Time-of-flight neutron imaging for spatially resolved strain investigations based on Bragg edge transmission at a reactor source

Energy dependent neutron transmission imaging has recently gained attention for the potential to spatially resolve texture, crystallographic phase and lattice strain. Especially promising is the time-of-flight (TOF) approach that takes maximum advantage of the new generation of pulsed spallation neutron sources, such as SNS, JSNS and ESS. In this paper, the authors demonstrate the feasibility to efficiently apply the TOF approach at a continuous source in order to spatially resolve and quantify the (lattice) strain distribution in a flat steel sample under tensile loading. Although transmission-based TOF imaging for strain mapping at a pulsed source is well published, this work is the first attempt to demonstrate such measurement using choppers at a continuous neutron source.
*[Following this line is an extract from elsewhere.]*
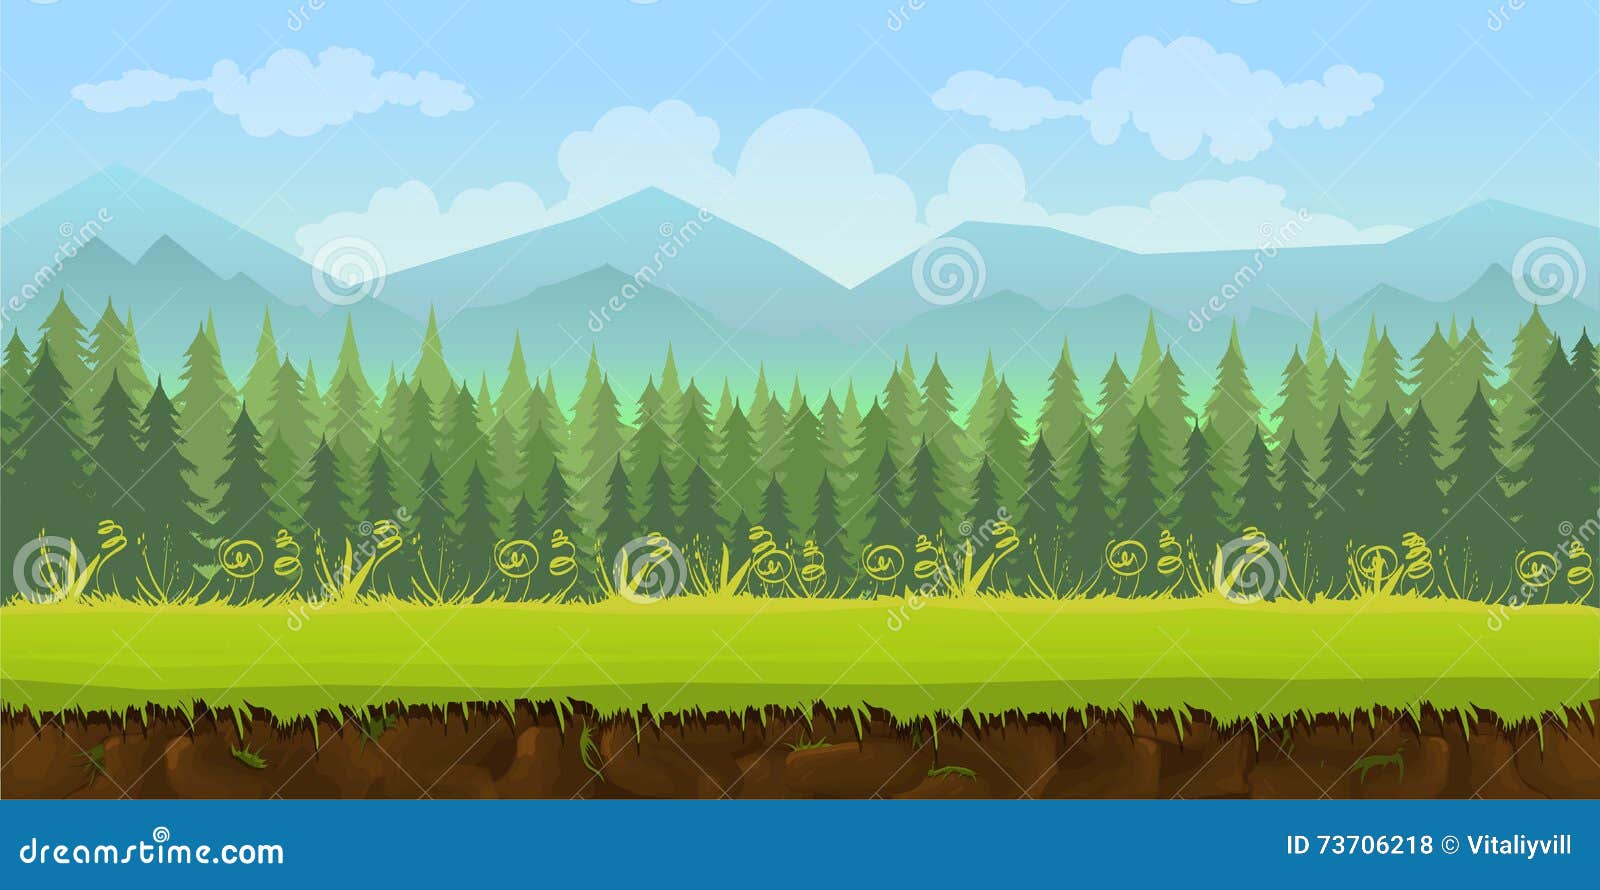 Nếu bạn đang phát triển một game 2D với chủ đề rừng, hãy tham khảo hình liên quan để tìm kiếm một nền game đẹp và hài hòa với chủ đề của bạn.

A critical component for spatially resolved TOF imaging is the availability of a high spatial resolution imaging detector, capable of the required time resolution. For the herein presented work, a conventional 2D position-sensitive 3He detector with a spatial resolution of 2×3 mm2 has been used for proof-of-principle measurements. The results are compared to conventional lattice strain measurements obtained at an engineering neutron diffractometer, where the same mechanical loading system was utilized. The efficiency of the time-of-flight transmission method is discussed with respect to other methods, at continuous as well as at pulsed sources.